What the exercise asks:
Everything in the listing below except the pictures should be reproduced exactly.

Dataset content:
%%

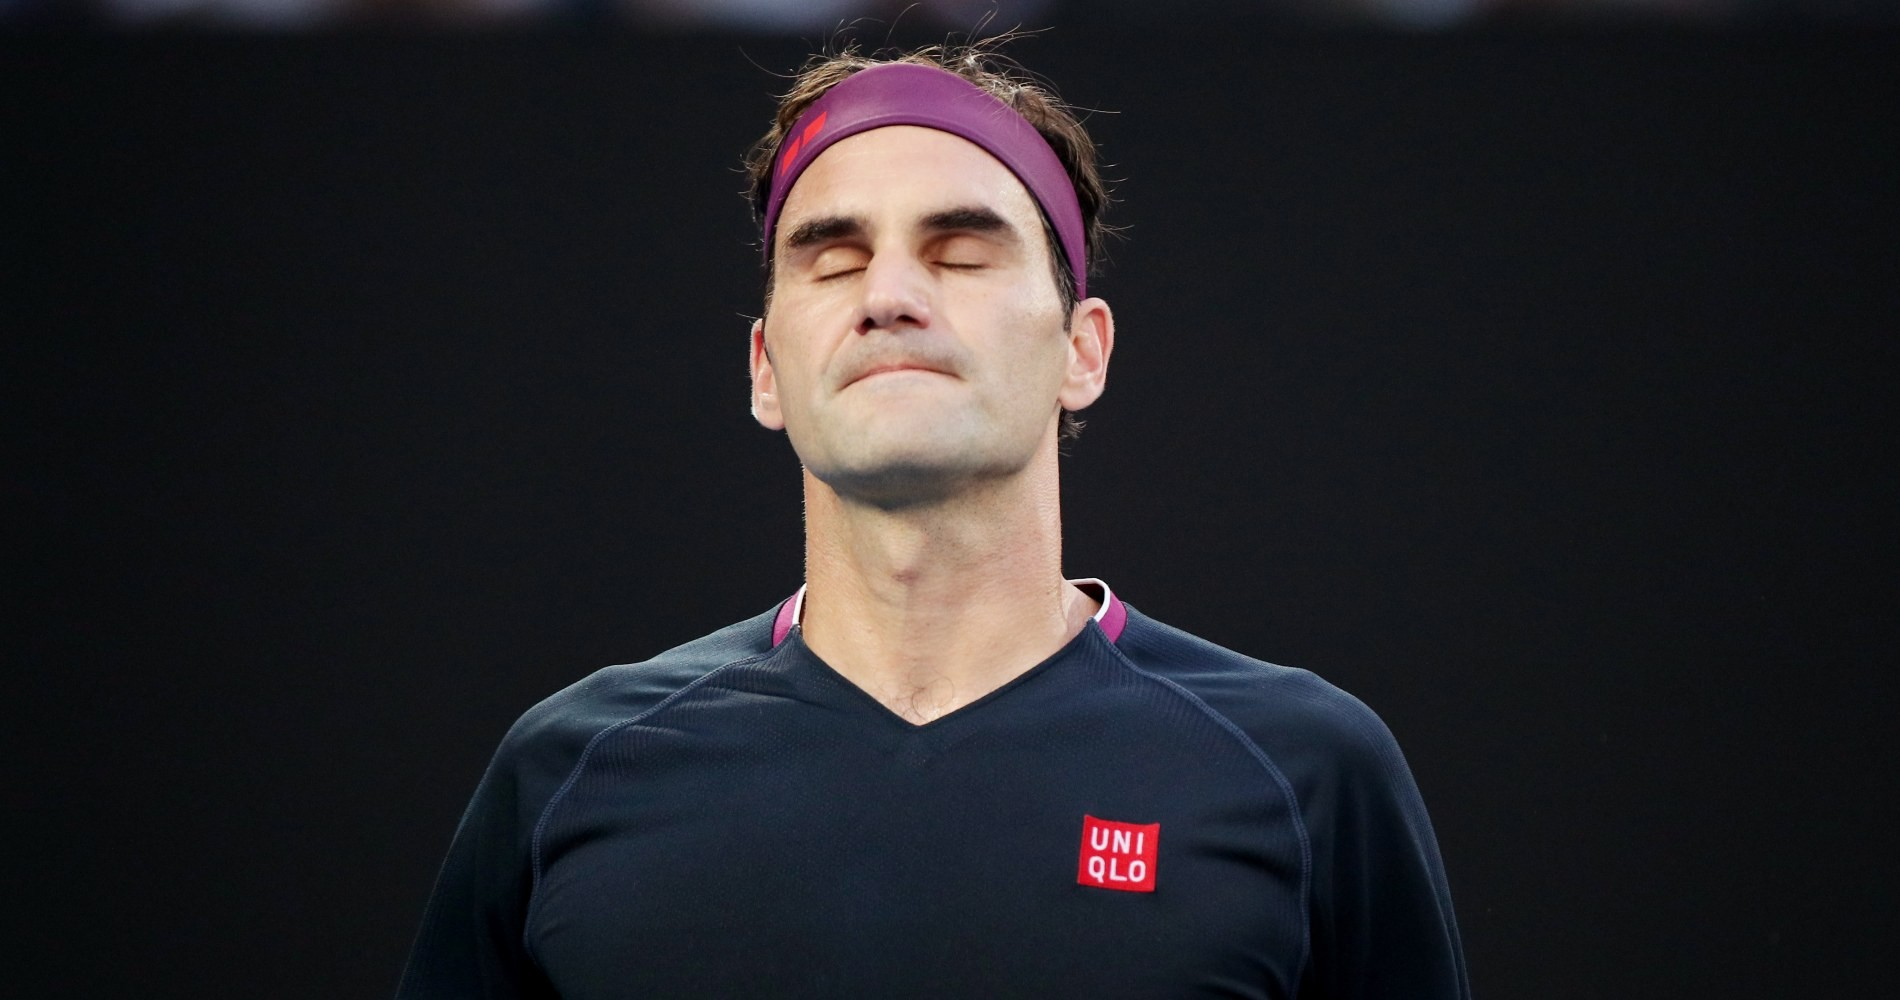 Roger Federer, 2020 Australian Open
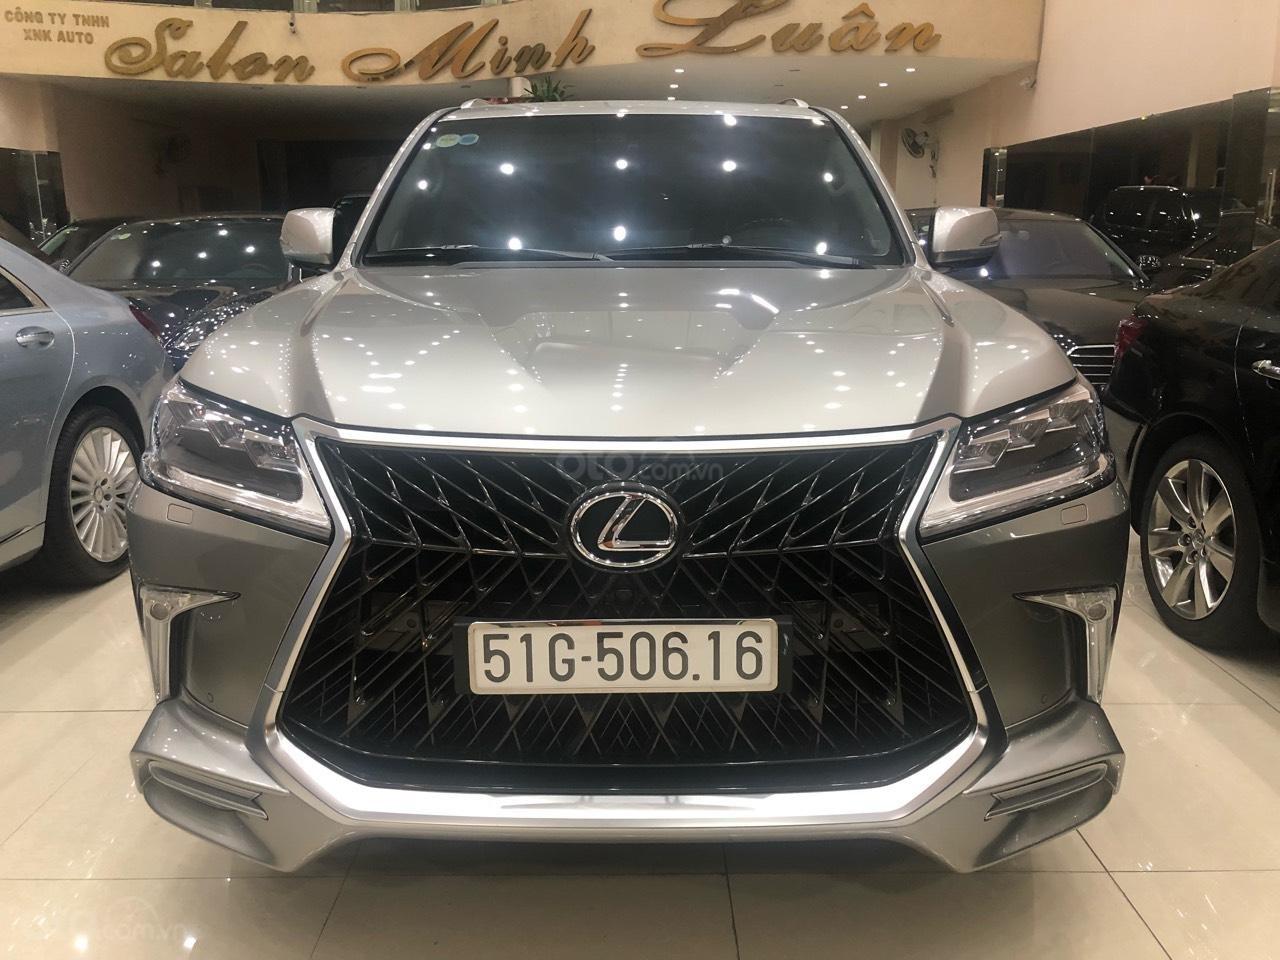 Bán Lexus LX570 đời 2018, màu bạc, nhập khẩu (1)
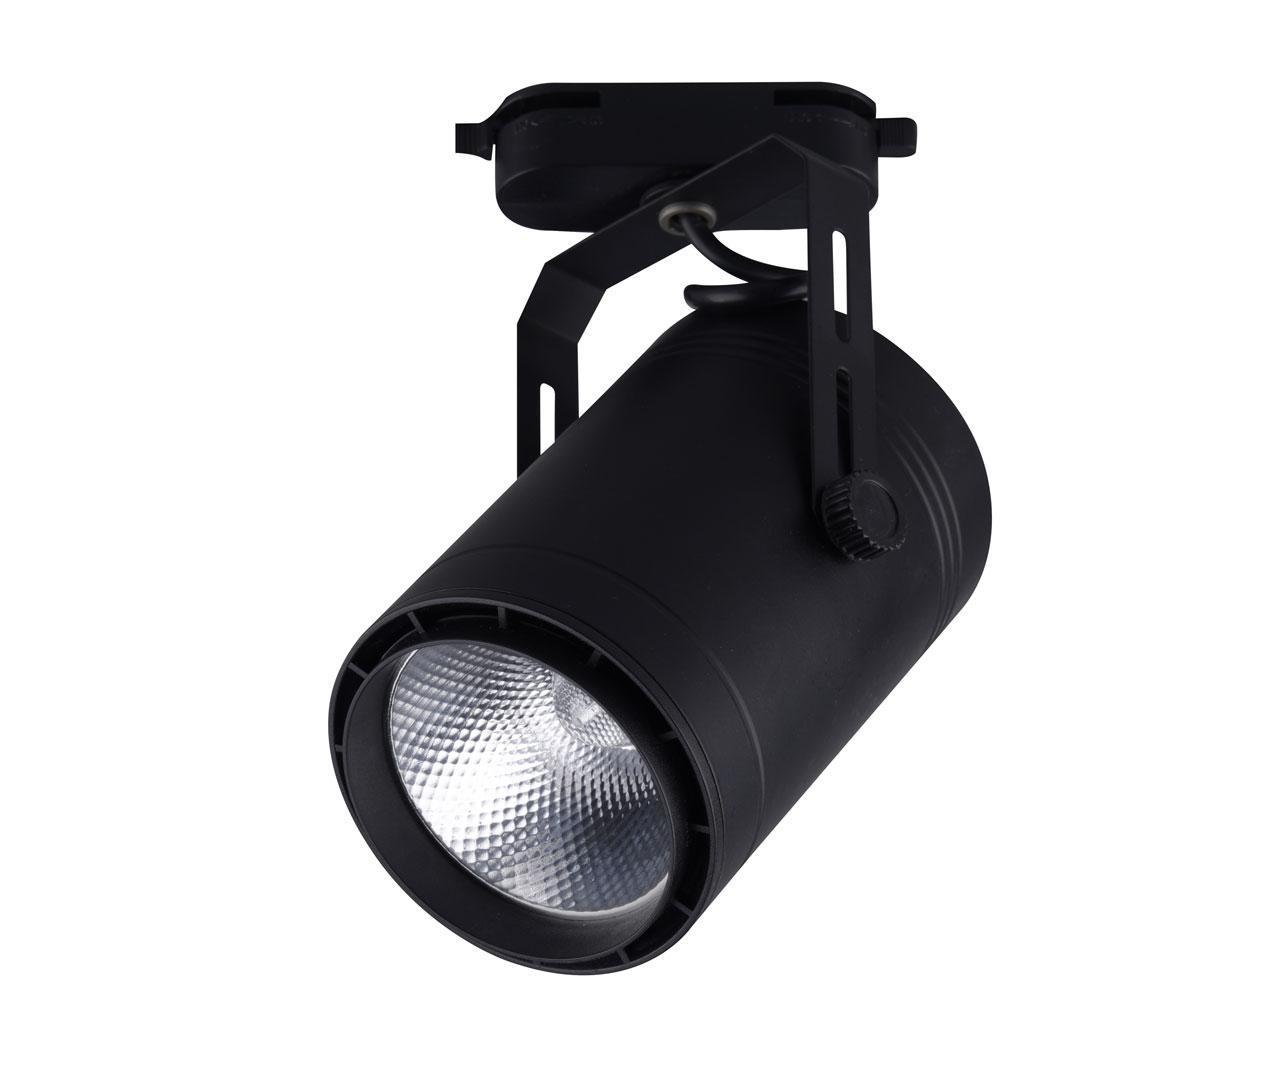 Трековый светодиодный светильник Kink Light Треки 6483-1,19 светильник kink light треки kl 6483 2 19

%%

Answer below:
 Roger Federer, 2020 Australian Open
 Bán Lexus LX570 đời 2018, màu bạc, nhập khẩu (1)
 Трековый светодиодный светильник Kink Light Треки 6483-1,19 светильник kink light треки kl 6483 2 19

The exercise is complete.